Run 3 threads per core:

$ export OMP_NUM_THREADS=204 $ ./myParallelApp No. of Elements : 512M Repetitions = 10 Start allocating buffers and initializing .... thread num=0 Initializing numthreads = 204, N = 536870912, N1 = 536869248, num-iters in remainder serial loop = 1664, parallel-pct = 99.999690 Starting Compute on 204 threads Elapsed time in msec: 1878 (after 10 iterations)

Run 4 threads per core:

$ export OMP_NUM_THREADS=272 $ ./myParallelApp No. of Elements : 512M Repetitions = 10 Start allocating buffers and initializing .... thread num=0 Initializing numthreads = 272, N = 536870912, N1 = 536867072, num-iters in remainder serial loop = 3840, parallel-pct = 99.999285 Starting Compute on 272 threads Elapsed time in msec: 1940 (after 10 iterations)

As you can see from the above results, the performance is optimal when running 1 threads per core and using all 68 cores.

6. Optimized core 6.1 for Intel Xeon Phi processor. Memory bandwidth Optimization

There are two types of memory in the system: up to 6 GB of memory MCDRAM and GB legacy platform, with up to 384 GB of DDR4 RAM. The MCDRAM bandwidth is approximately GB/s, while the DDR4 peak performance bandwidth is approximately GB/s.

There are three configuration modes for MCDRAM: Flat mode, cache mode, or mixed mode. If the MCDRAM is configured as addressable memory (flat mode), the user can explicitly allocate memory in the MCDRAM. If MCDRAM is configured in cache mode, the entire MCDRAM can be used as the last-level cache between level two cache and DDR4 memory. If the MCDRAM is configured in mixed mode, some MCDRAM can be used as a cache and the remainder as addressable memory. The following table lists the advantages and disadvantages of these configuration modes:

Memory mode	Advantages	Disadvantages
Flat mode	User-controllable MCDRAM leverages high-bandwidth memory	Users need to use `numactl` or modify the code
Cache mode	is transparent to the user Extended Cache Level	Latency may increase when loading/saving memory in DDR 4
Mixed mode	Applications can take full advantage of flat mode and cache mode	Disadvantages of flat mode and cache mode

With respect to non-conforming memory access (NUMA) architectures, the Intel Xeon Phi processor appears as one or two nodes, depending on how the MCDRAM is configured. If the MCDRAM is configured as a cache mode, the Intel Xeon Phi processor will appear as 1 NUMA nodes.

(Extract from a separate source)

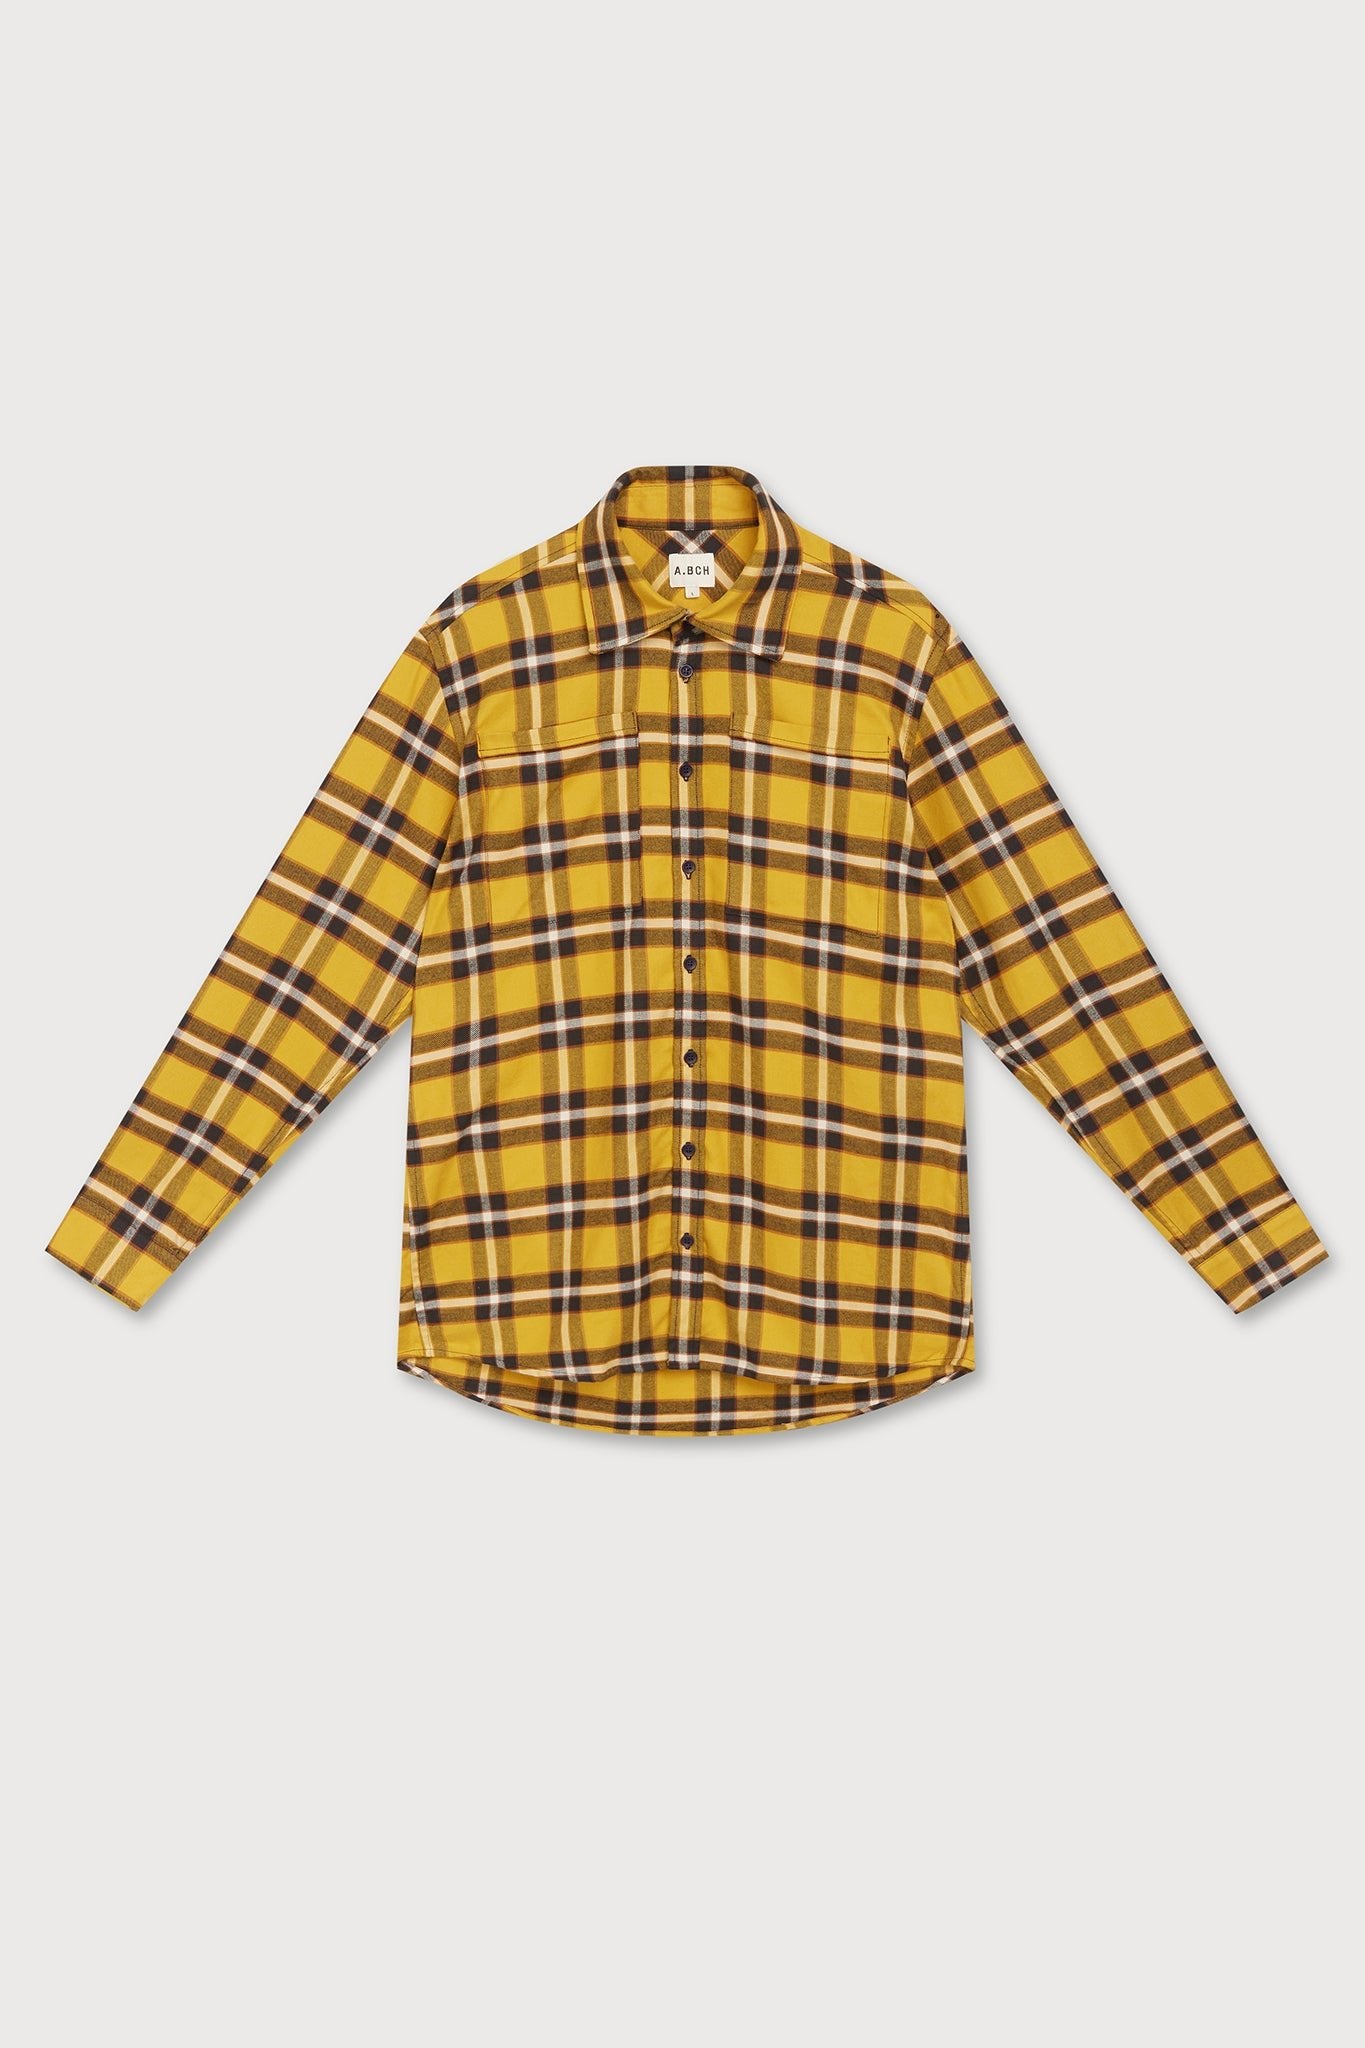 A.BCH A.46 Navy Marigold Plaid Fine Flannel Shirt in Japanese Organic Cotton

If the MCDRAM is configured for flat or mixed mode, the Intel Xeon Phi processor will appear as 2 NUMA nodes. Note that cluster mode can further divide the Intel Xeon Phi processor into 8 NUMA nodes, but this tutorial does not cover cluster mode at this stage.

Use numactl the utility to display NUMA nodes in the system. For example, in the system execution " numactl –H "-where MCDRAM is configured in flat mode, 2 NUMA nodes will be displayed. Node 0 contains 272 CPUs and up to GB of DDR4 memory, and Node 1 contains the three GB MCDRAM.

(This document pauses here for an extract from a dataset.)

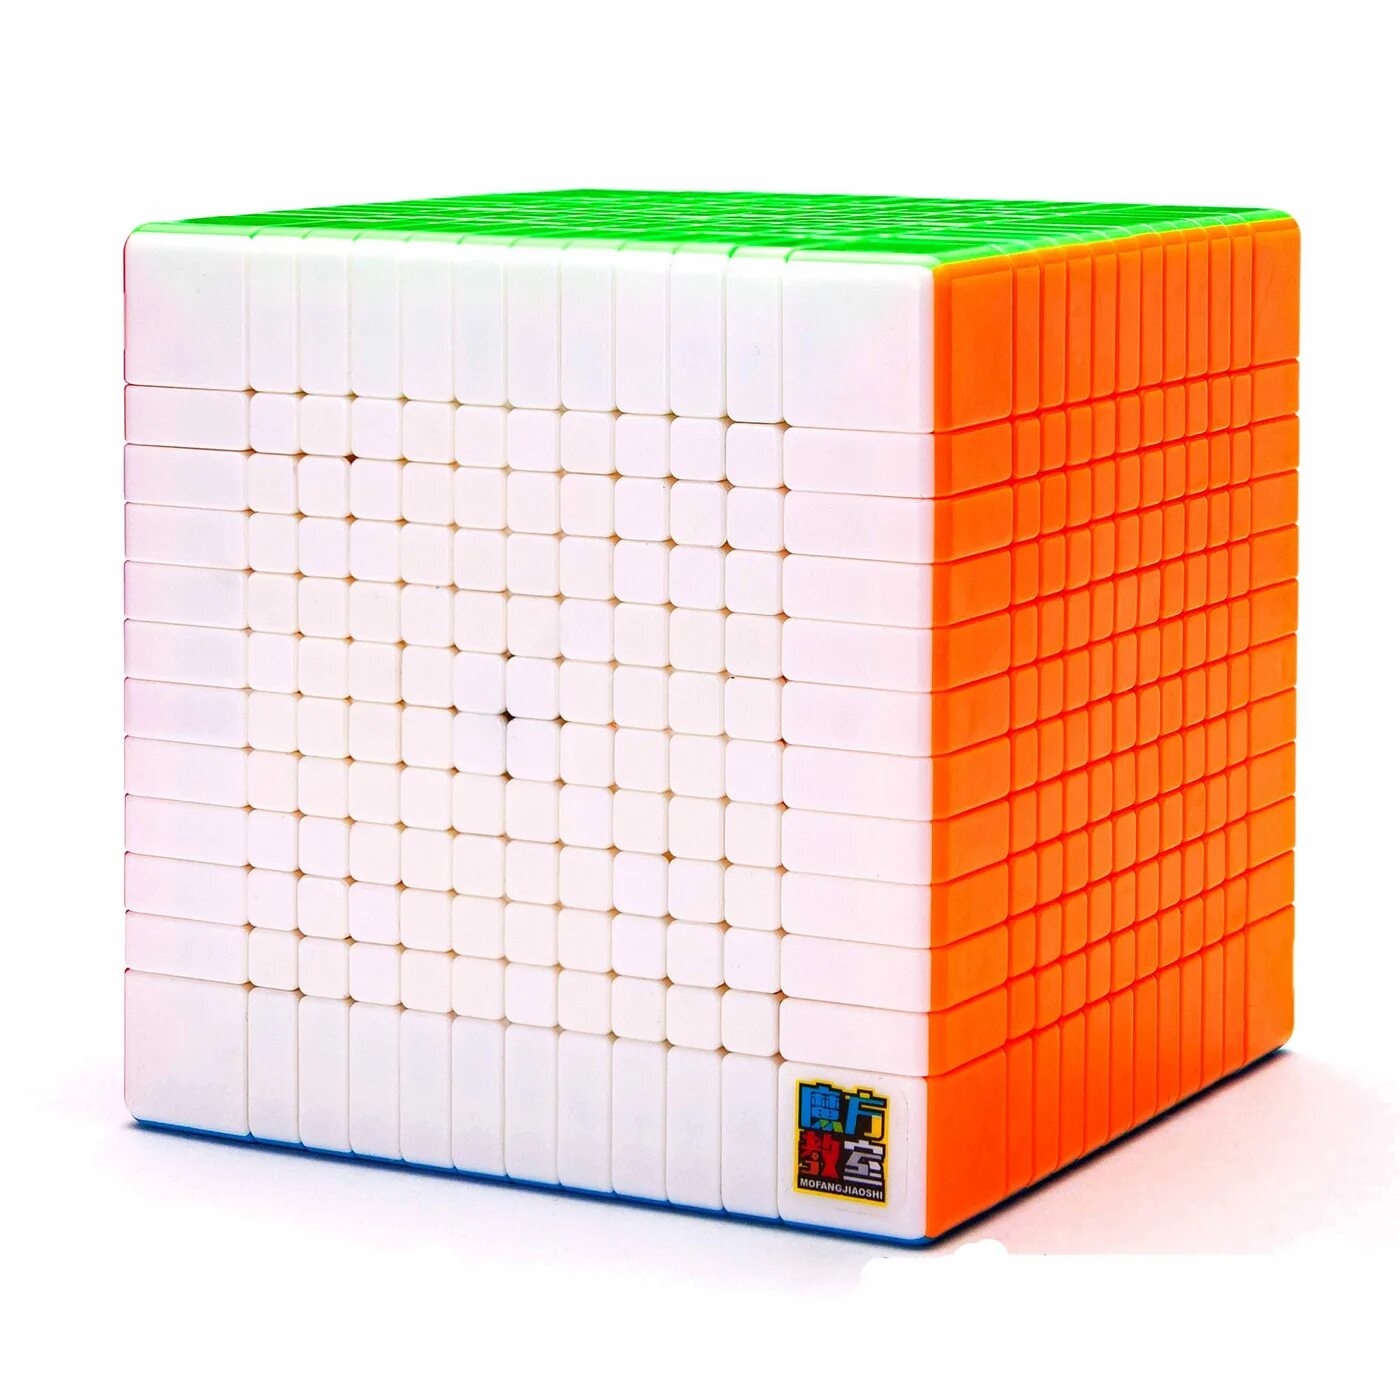 Big cube. Кубик Рубика 12х12. Кубик Рубика 12 на 12. 12x12 кубик Рубика. Shengshou 12x12x12.

$ numactl-h Available:2 nodes (0-1) Node 0 cpus:0 1 2 3 4 5 6 7 8 9 10 11 12 13 14 15 16 17 18 19 20 21 22 23 24 25 26 27 28 29 30 31 32 33 34 35 36 37 38 39 40 41 42 43 44 45 46 47 48 49 50 51 52 53 54 55 56 57 58 59 60 61 62 63 64 65 66 67 68 69 70 71 72 73 74 75 76 77 78 79 8 0 81 82 83 84 85 86 87 88 89 90 91 92 93 94 95 96 97 98 99 100 101 102 103 104 105 106 107 108 109 110 111 112 113 114 115 116 117 118 119 120 121 122 123 124 125 126 127 128 129 130 131 132 133 134 135 136 137 138 139 140 141 142 143 144 145 1 46 147 148 149 150 151 152 153 154 155 156 157 158 159 160 161 162 163 164 165 166 167 168 169 170 171 172 173 174 175 176 177 178 179 180 181 182 183 184 185 186 187 188 189 190 191 192 193 194 195 196 197 198 199 200 201 202 203 204 205 206 2 07 208 209 210 211 212 213 214 215 216 217 218 219 220 221 222 223 224 225 226 227 228 229 230 231 232 233 234 235 236 237 238 239 240 241 242 243 244 245 246 247 248 249 250 251 252 253 254 255 256 257 258 259 260 261 262 263 264 265 266 267 2 68 269 270 271 Node 0 size:98200 MB Node 0 free:92888 MB Node 1 CPUs: Node 1 size:16384 MB Node 1 free:15926 MB Node Distances: Node 0 1 0:10 31 1:31 10

In partial NUMA mode, you can use the numactl tools to allocate memory. In this example, node 0 contains all CPU and platform memory DDR4, and Node 1 contains the encapsulated memory MCDRAM. You can use –m a switch or –-membind force a program to allocate memory to a NUMA node.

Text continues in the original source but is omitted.